In the PNET model, there was a decrease in Tie2 staining in response to rebastinib (Fig. 3F), but rebastinib did not affect the total macrophage infiltrate (F4/80+ area; Fig. 3G). However, rebastinib significantly decreased intratumoral Tie2+ macrophages (Fig. 3H) and led to a significant decrease in protumoral Mrc1+ F4/80+ macrophages at the tumor invasive front (Fig. 3I and J).
Taxane-based chemotherapies, such as paclitaxel, mobilize bone marrow–derived mesenchymal and endothelial progenitors, and CD11b+ myeloid cells, including Tie2+ monocytes, into the primary tumor microenvironment (49–57). Tie2+ monocyte progenitors are known to transform into Tie2+ macrophages, which associate with newly constructed tumor blood vessels and promote tumor regrowth (20, 58, 59).
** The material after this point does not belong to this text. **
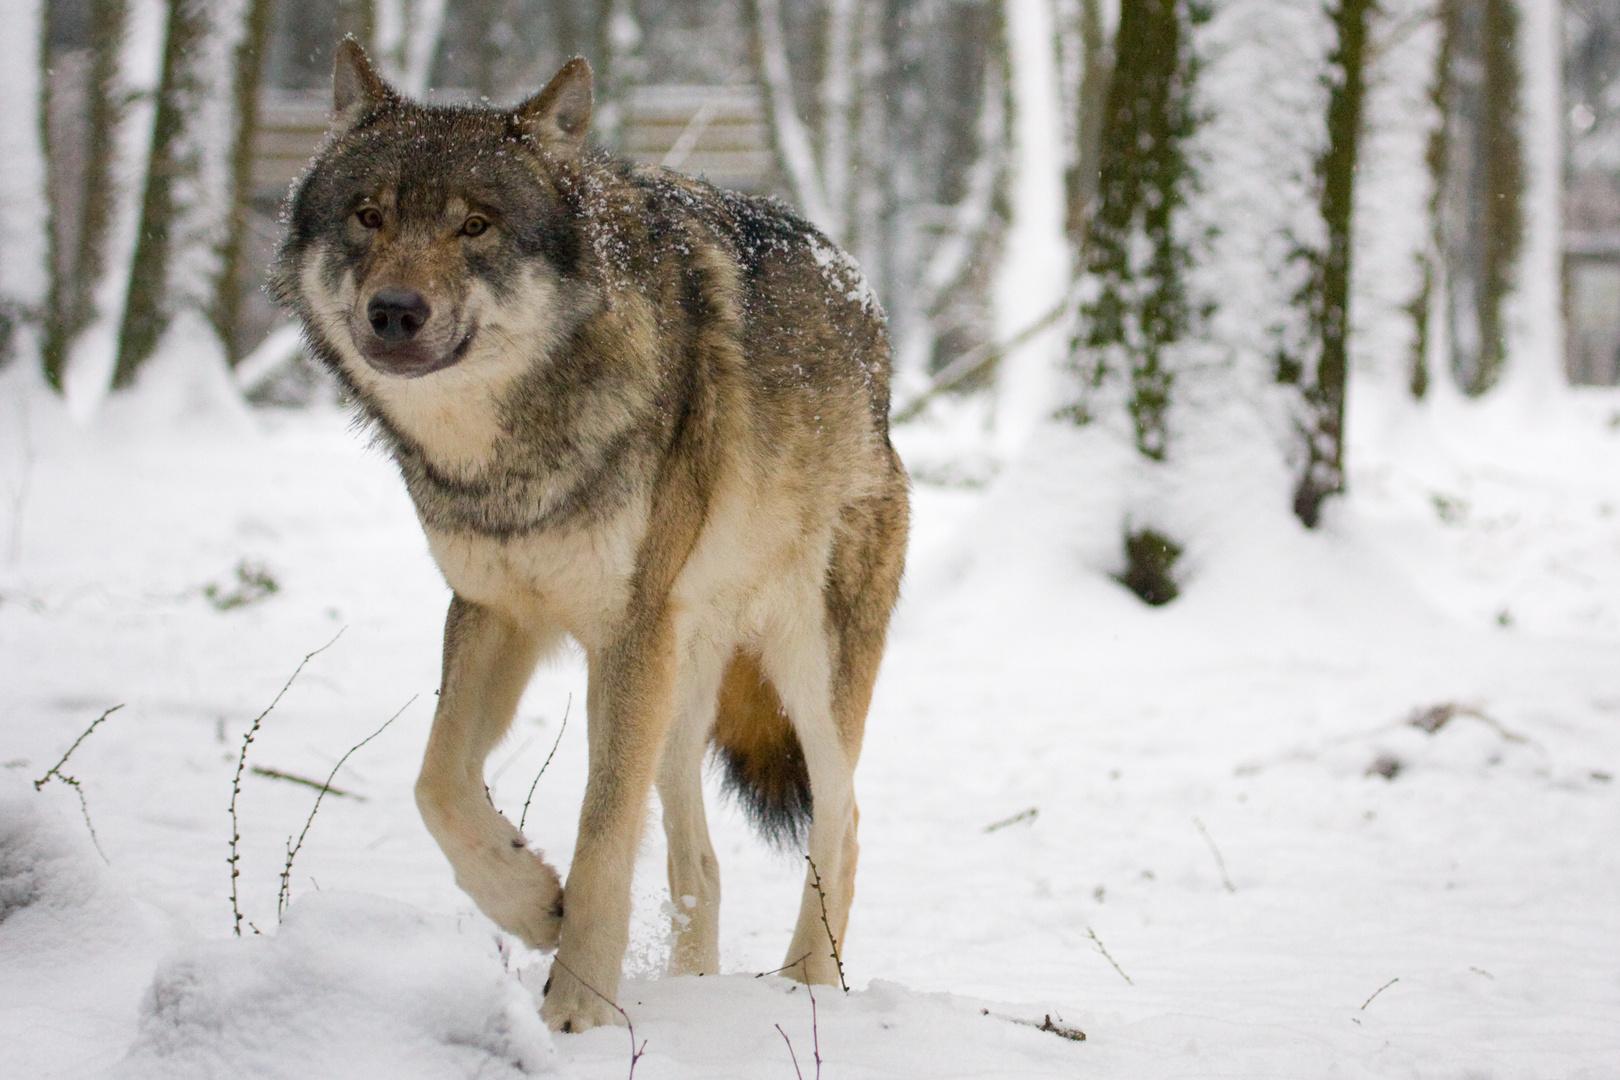 Wölfin auf Streife

The effects of paclitaxel on the presence of Tie2+ macrophages and microvessel density were examined in PyMT tumors, either untreated or treated with rebastinib. First, we found that paclitaxel significantly increased both total macrophages and Tie2+ macrophages (Fig. 4A and B). Furthermore, we found that rebastinib, selectively decreased Tie2+ macrophage infiltration occurring in response to paclitaxel (Fig. 4A and B).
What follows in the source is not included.